Dans 20 ans, les petites huttes en bois auront toute disparu, la jungle sera balafrée par des cordons d’asphalte et la côte sera recouverte d’hôtels gigantesques avec piscine à débordement et cocktails alcoolisés. La Thaïlande sera passée du stade de tigre asiatique à celui de pays développé. Les riches Chinois auront envahi la place et les routards seront partis explorer d’autres lieux vierges et perdus.

En attendant, le petit coin de paradis que nous trouvons à la pointe que de cette minuscule île (21 km2) est le havre de paix que nous souhaitons trouver après 15 jours dans la jungle urbaine.

Elle est surtout peuplée de plongeurs dont la principale qualité est de passer leurs journées dans l’eau, nous laissant parfaitement tranquilles sur la plage.

Jeudi 7 août

Mon goût prononcé pour la position allongé dans un hamac et la forte présence de l’arbre à noix de coco me désigne comme une victime potentielle de la théorie de Newton

Alors que nous passions du temps parmi les éléphants, des panneaux rappelaient d’éviter de tenir l’appareil photo dans la même main que la canne à sucre. Conseil judicieux. La trompe de l’éléphant est précise et puissante.

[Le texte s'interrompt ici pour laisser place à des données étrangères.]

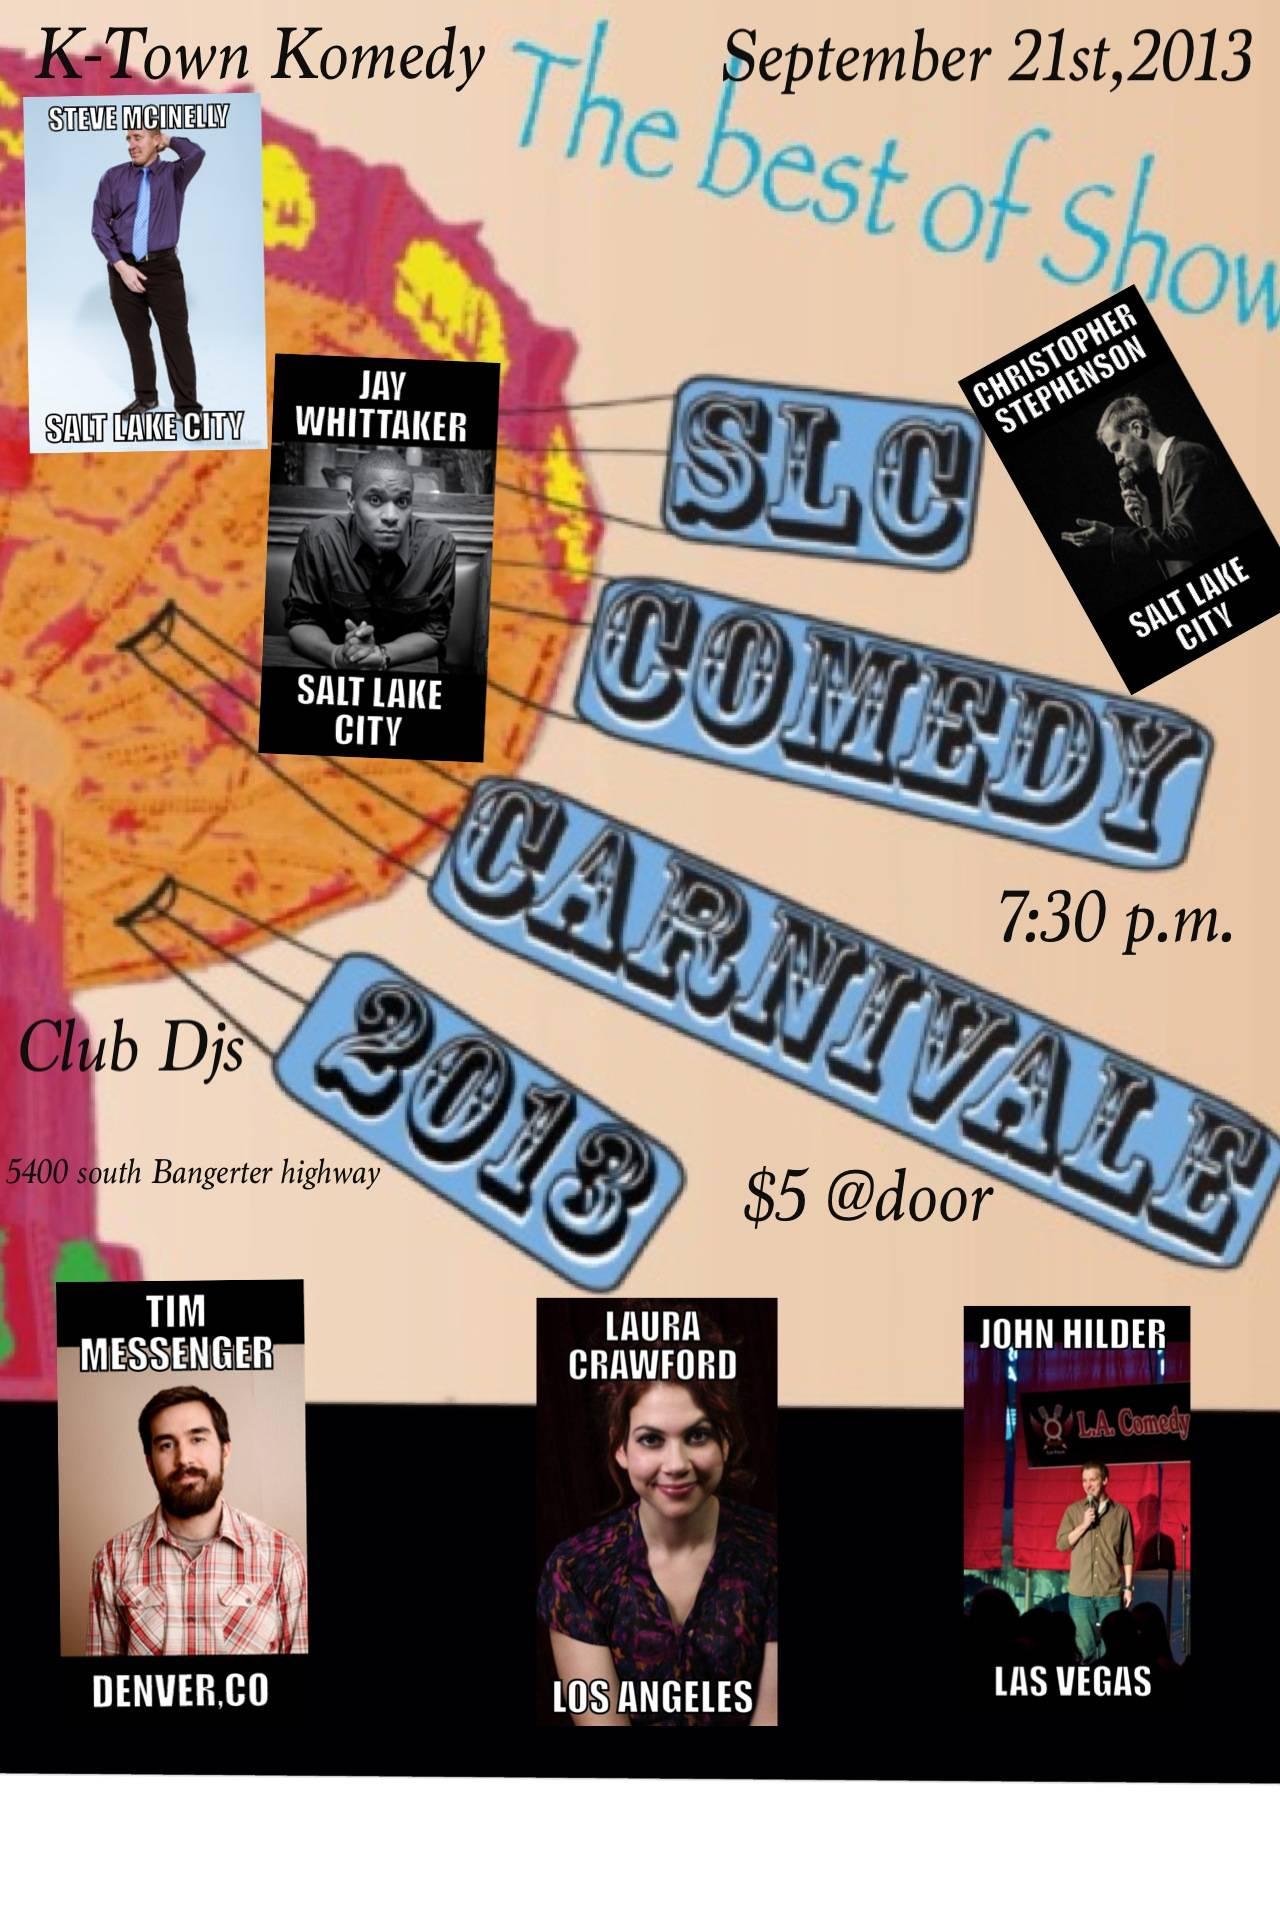 SLC Comedy Carnivale

Ici, l’autre conseil prodigué par la petite brochure de bienvenue sur l’île est d’éviter de faire la sieste à l’ombre des cocotiers. Ca paraît être plein de bon sens mais c’est assez difficile à respecter. Mon goût prononcé pour la position allongé dans un hamac et la forte présence de l’arbre à noix de coco me désigne comme une victime potentielle de la théorie de Newton. Il faut bien mourir un jour. Face à la bien nommée Sharks island, bercé par le bruit des vagues et la brise tropicale, ça a plus de classe qu’au fond d’un lit d’hôpital abattu lentement par un cancer.

L’enseignement de Bouddha a laissé quelques beaux principes. Par exemple, il nous apprend que la vérité n’est que dans la vie, la plupart du temps il n’y a rien à faire. L’homme sage est celui qui cultive l’art de ne rien faire.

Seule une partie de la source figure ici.